In many ways, Duckman could be considered a classic amongst the adult cartoon medium. Perhaps it’s because the audience for such a show has either grown up or continued to watch the always-on South Park, but you just don’t see much of a presence for adult animation on TV anymore outside of Comedy Central and whatever Fox TV has airing currently. Still, back in the early to late 90s, it was a great time to be an adult animation fan as we saw some truly original and truly offensive cartoons that came to be a presence on network blocks late at night.
Get the themes of superheroes out of your head–Duckman is anything but. A lewd, alcoholic, sex-starved, and murderous duck, Duckman (voiced by Jason Alexander) goes through life barely making enough money to pay his alimony and cable TV bills, all the while accompanied by his much more capable sidekick Cornfed. With a fully fledged hot temper and an “I Don’t Care” attitude Duckman is as offensive as he is entertaining.
Despite a solid cult following, I made an odd face when the set arrived at my door. In the recesses of my mind the title sounded familiar and the art style, reminiscent of something from Ren & Stimpy or Beavis & Butthead, was also familiar but I knew I had never seen it. Although new to me, I settled in not knowing what to expect from a show about a talking duck with bad manners and was pleasantly surprised by how well the show held up over the years. True, the animation is dated beyond belief, but the stories and elements are tried and true and never once did the series, from a writing standpoint, feel like it was from over a decade past.
From the various talent included in the show (including Tim Curry and Gilbert Gottfried), it’s clear there was a lot of love put into the show. Despite this the earlier episodes, as with most seasons, seemed wildly uneven, with the show finally hitting its stride by the second season. It’s nice that both seasons are included here, with the final seasons due sometime later in the year, but with only four seasons Paramount may have been better suited to have just released the entire series in one go rather than split it up until seasonal volumes.
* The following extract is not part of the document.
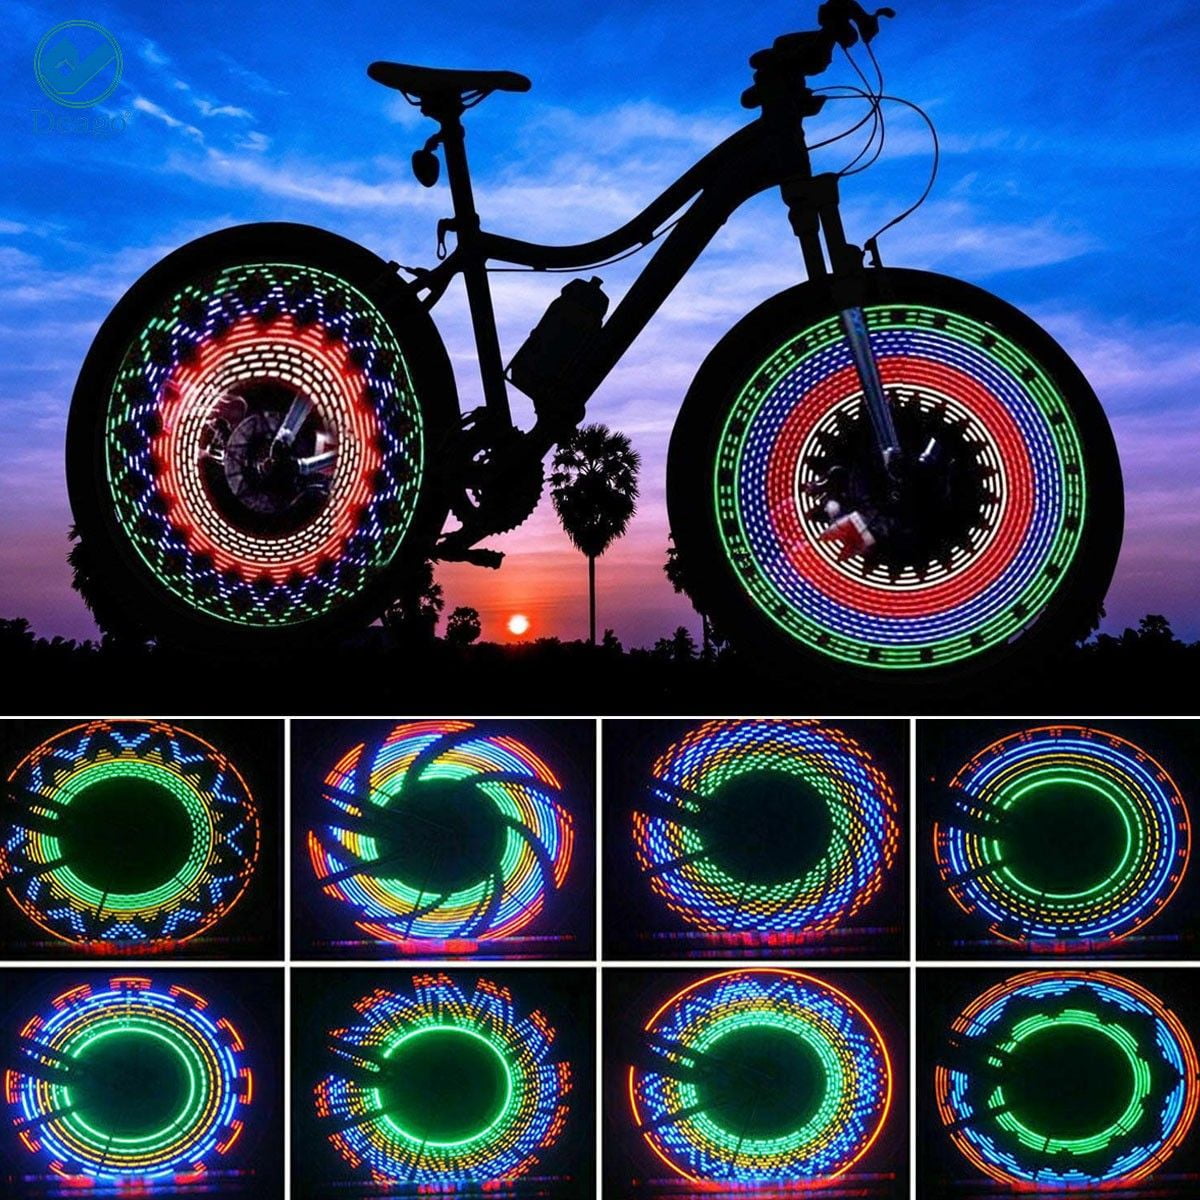 Colorful 32-LED Bike Light 32 Pattern Bicycle Tire Wheel Spoke Decorative Lamp Colorful Light Bike Light

Still, fans are likely to swarm to this set since this is the first time it’s seen the light of DVD. The series itself did win me over with its crass and rude humor, but it wasn’t quite the stellar series I had hoped for when I started watching it. Oddly enough for a show about talking animals and an animation style akin to a nightmare, the series is oddly grounded in a faux-reality that you can relate to. It’s not something that will enthrall you from beginning to end, but occasionally you may find yourself saying “Hey, that lewd, alcoholic duck screaming obscenities on my television is right!”
Overall the series comes Recommended, simply because of how well it’s held up over the years. There are some truly laugh out loud moments on this set and as bitter a duck as he is, he is very relatable. Although there is toilet humor to be sure, the humor here really is of the mature nature in that it’s quite intelligent in-between the burps and farts.
Duckman – Seasons One and Two arrives in a thin-pak slipcase duo, with two thin-paks housing the three discs of the set as. On the rear of the thin-paks are episode titles and disc descriptions and inside is a collage of images from the show as the backdrop behind the discs and, of course, the discs themselves with their non-flashy plain greywash disc art. . The sets menus are intercut with clips from the show that seemingly end without finishing (tested this on several players and they all cut off the last half a second of audio from the clips). The video for the set is what you’d expect from a series this old, with plenty of grain and film artifacts popping up, but for the most part it’s a solid transfer with well defined blacks and colors. The audio, a Dolby Surround 2.0 mix, is laid back with clean and clear dialogue throughout the set.
Surprisingly our first extra out of the gate is a commentary on the pilot with Everett Peck and Jason Alexander. Sadly this commentary is rather mediocre and despite a short run time, there are dead audio moments and the dreaded “this is what’s happening on screen” discussions. Still, Peck and Alexander do offer some insight into the series itself and its history, so fans will want to give it a listen, although they’re likely to be very disappointed that this is the only commentary on the entire set. The first disc extras finish up with some promo shots for the series.
The second disc (and the last with extras), contains an array of featurettes to check out. The first is a retrospective documentary entitled “What the Hell Are You Staring At?” (29:45) which interviews cast and crew about the history of the series. “Designing Duckman” (12:53) talks about the design and look of the show, while “Six Degrees of Duckman” is an interactive featurette that allows you to select profiles of the characters in the show to get bios, images and short clips of them.
Overall a decent set and one with a surprising level of extras for a rather show that’s been out of the spotlight for so long. It’s great that the cast and crew were able to return after all of these years and offer their thoughts on the project and Jason Alexander’s return especially is welcomed as he adds insight into the series not only as the voice of the main character but also the time he spent on the show itself. There is plenty to enjoy about the series and the extras here, however few there are, are informative and worth checking out if you enjoyed the series. Well worth your time and Recommended.
Duckman: Seasons One & Two is now available on DVD.